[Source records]

§ §

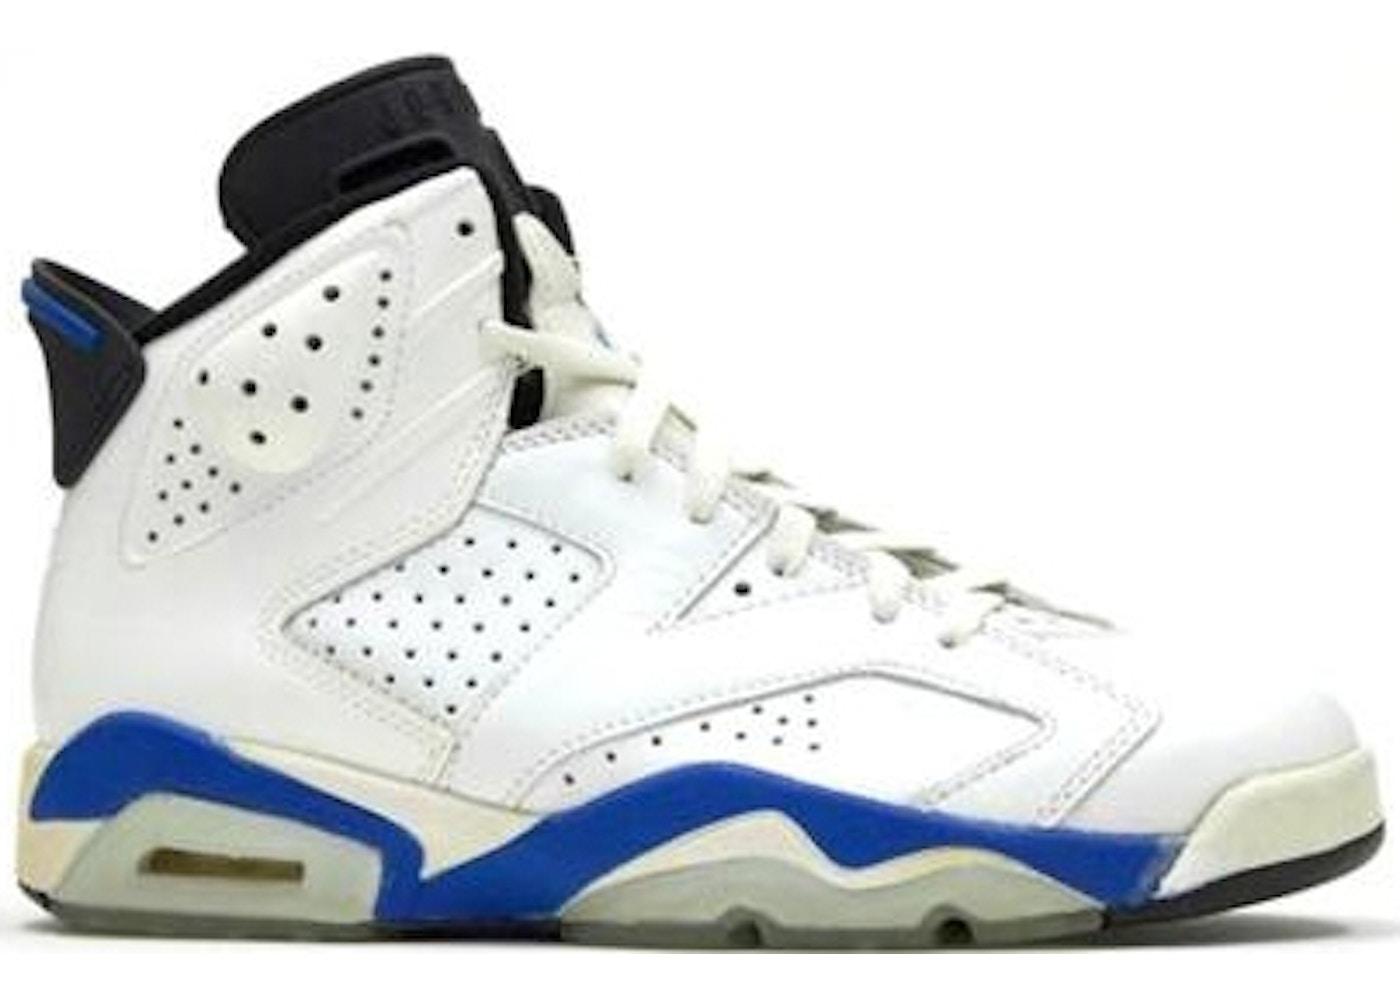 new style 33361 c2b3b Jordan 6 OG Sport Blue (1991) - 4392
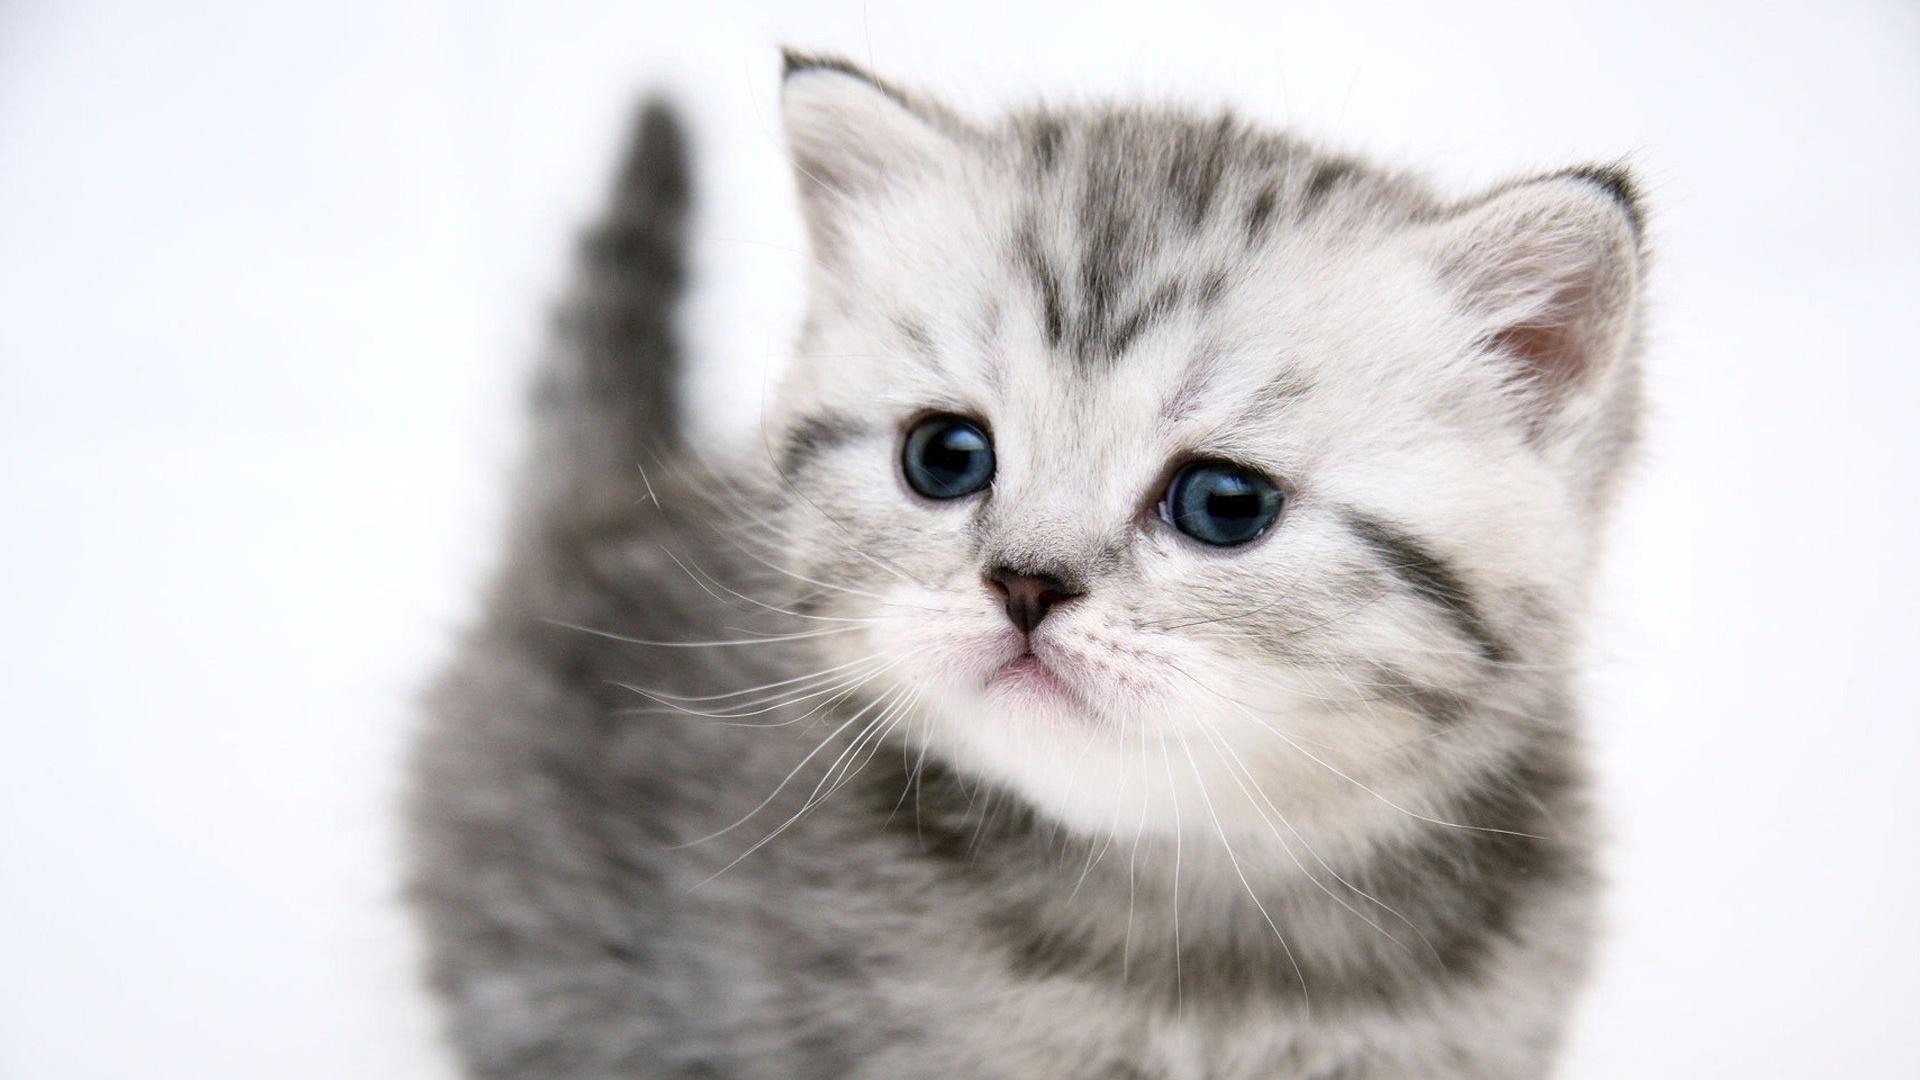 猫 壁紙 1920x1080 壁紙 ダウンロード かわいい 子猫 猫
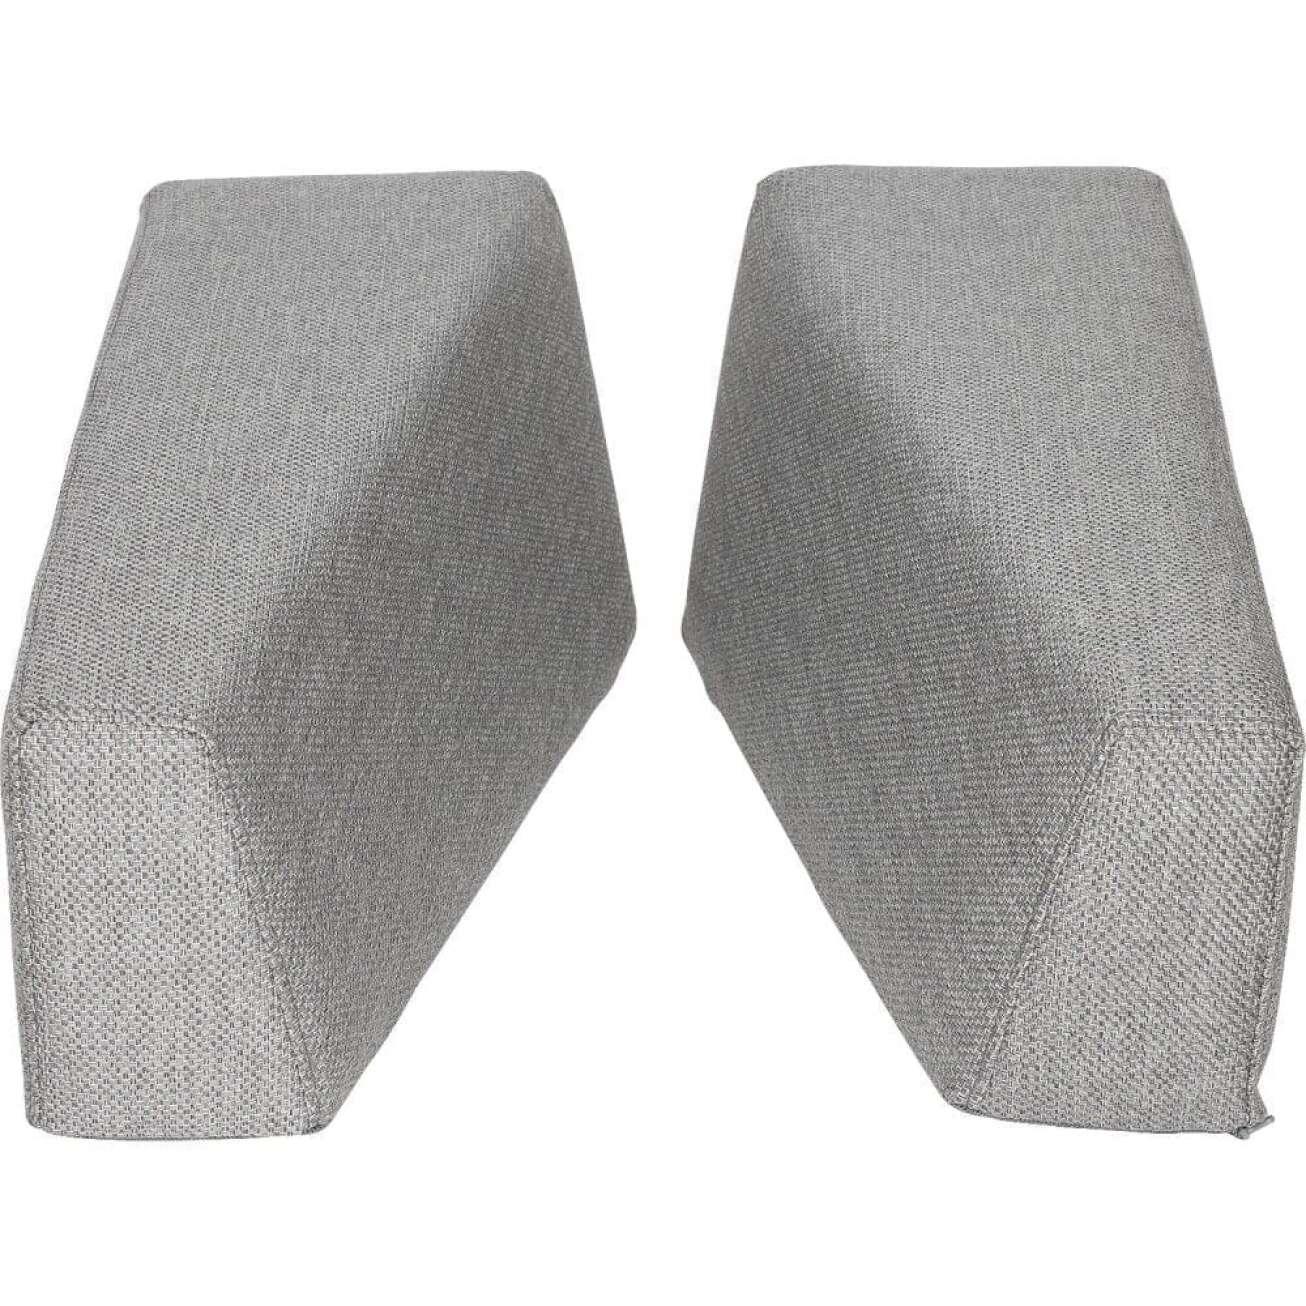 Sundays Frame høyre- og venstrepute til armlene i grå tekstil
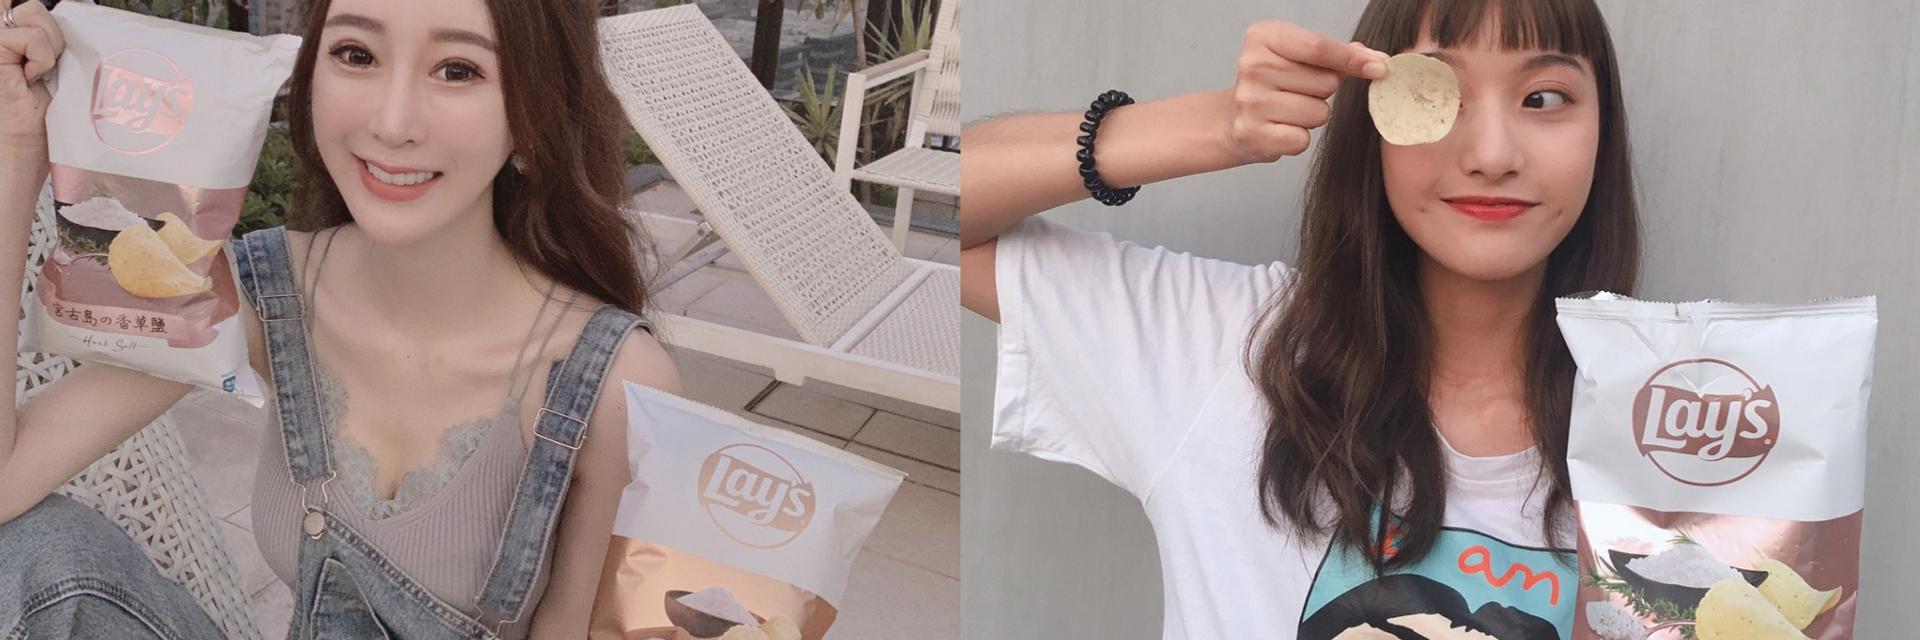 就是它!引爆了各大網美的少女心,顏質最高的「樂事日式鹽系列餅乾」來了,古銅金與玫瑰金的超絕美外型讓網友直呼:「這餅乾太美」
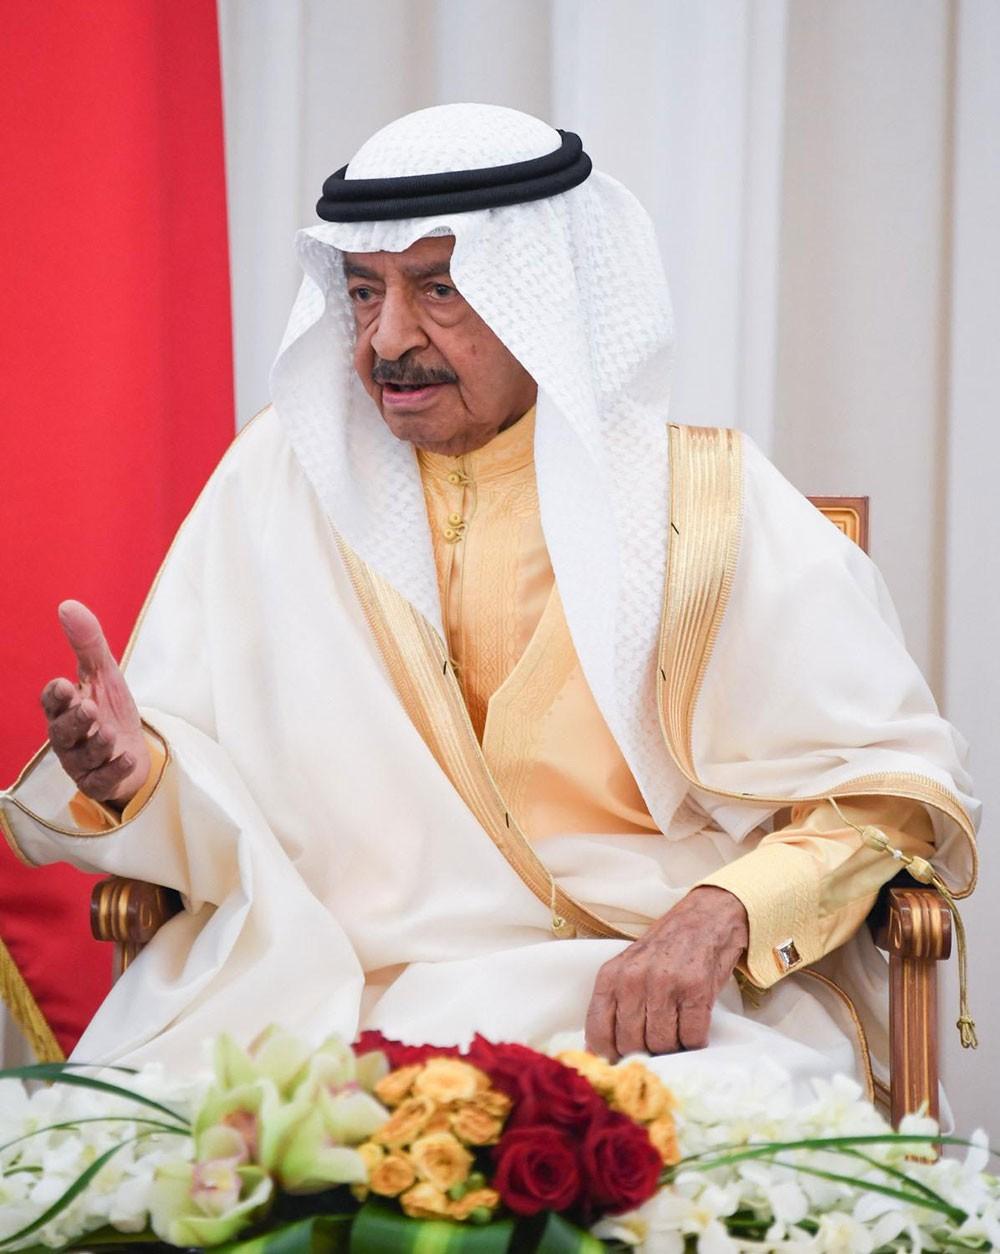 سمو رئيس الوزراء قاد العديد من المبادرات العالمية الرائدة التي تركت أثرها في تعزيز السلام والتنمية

§ §

[Aim of the task]: Leave the pictures out. Extract exactly the lines running from the one with "猫 壁紙 1920x1080 壁紙 ダウンロード かわいい 子猫 猫" through the last entry, both ends included.

[Exercise solution]:
 猫 壁紙 1920x1080 壁紙 ダウンロード かわいい 子猫 猫
 Sundays Frame høyre- og venstrepute til armlene i grå tekstil
 就是它!引爆了各大網美的少女心,顏質最高的「樂事日式鹽系列餅乾」來了,古銅金與玫瑰金的超絕美外型讓網友直呼:「這餅乾太美」
 سمو رئيس الوزراء قاد العديد من المبادرات العالمية الرائدة التي تركت أثرها في تعزيز السلام والتنمية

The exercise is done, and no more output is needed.